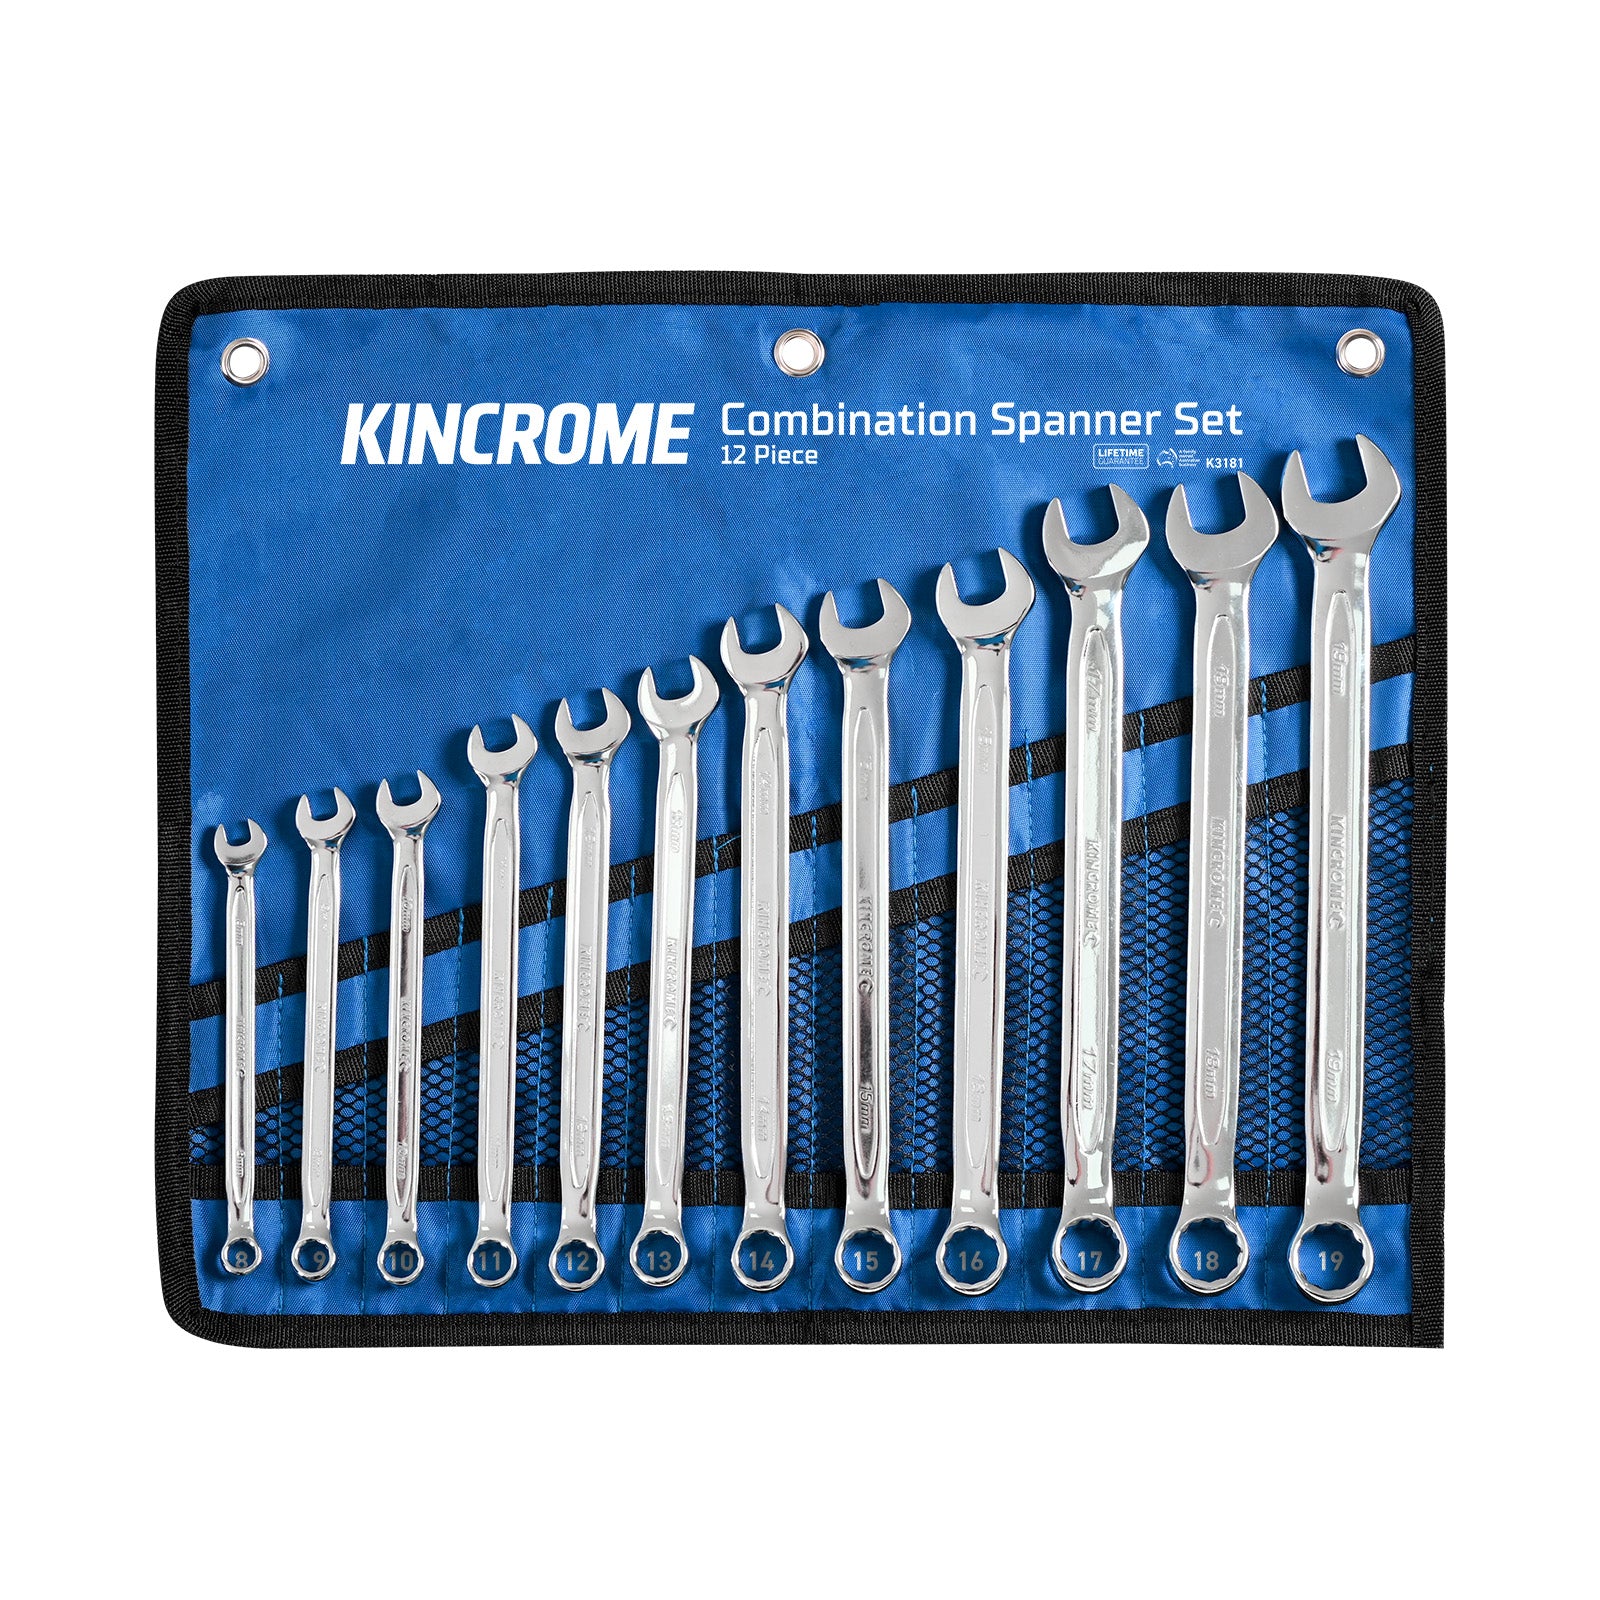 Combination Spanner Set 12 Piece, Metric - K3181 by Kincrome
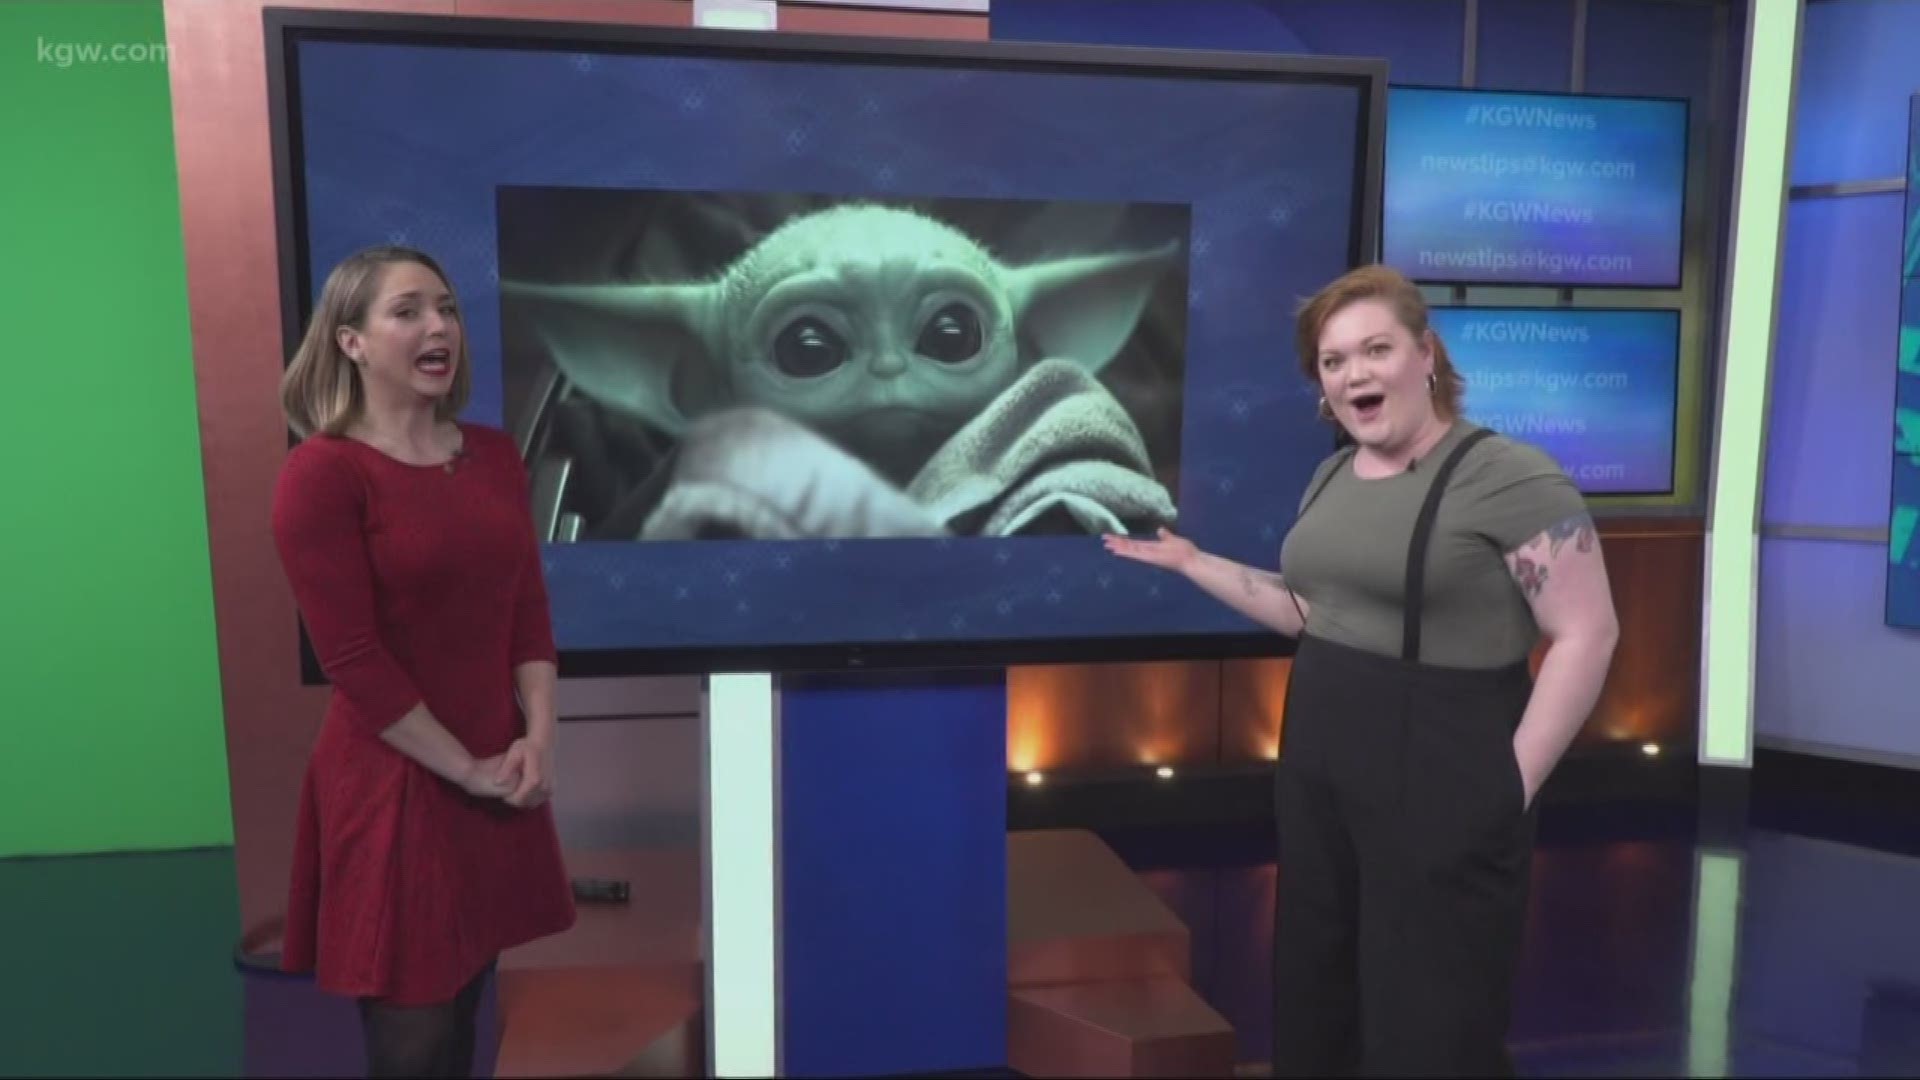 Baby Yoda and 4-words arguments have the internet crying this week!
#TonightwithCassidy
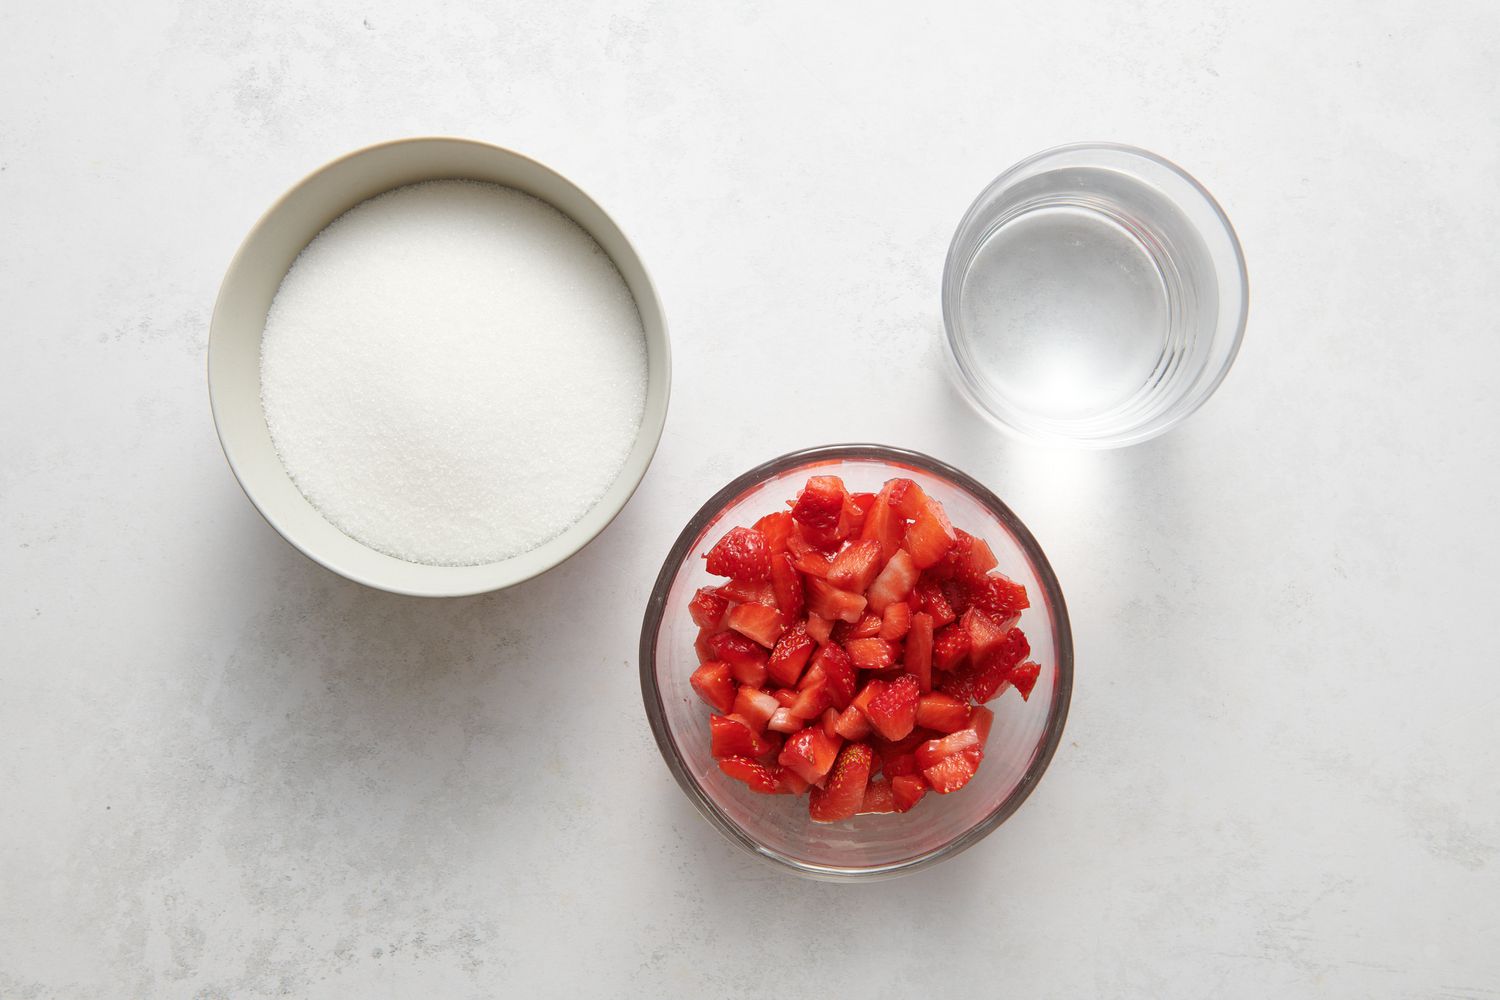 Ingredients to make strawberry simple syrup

_Task statement:_ Copy the listing above word for word. Do not include the pictures.

_Response box:_
 Combination Spanner Set 12 Piece, Metric - K3181 by Kincrome
 Baby Yoda and 4-words arguments have the internet crying this week!
#TonightwithCassidy
 Ingredients to make strawberry simple syrup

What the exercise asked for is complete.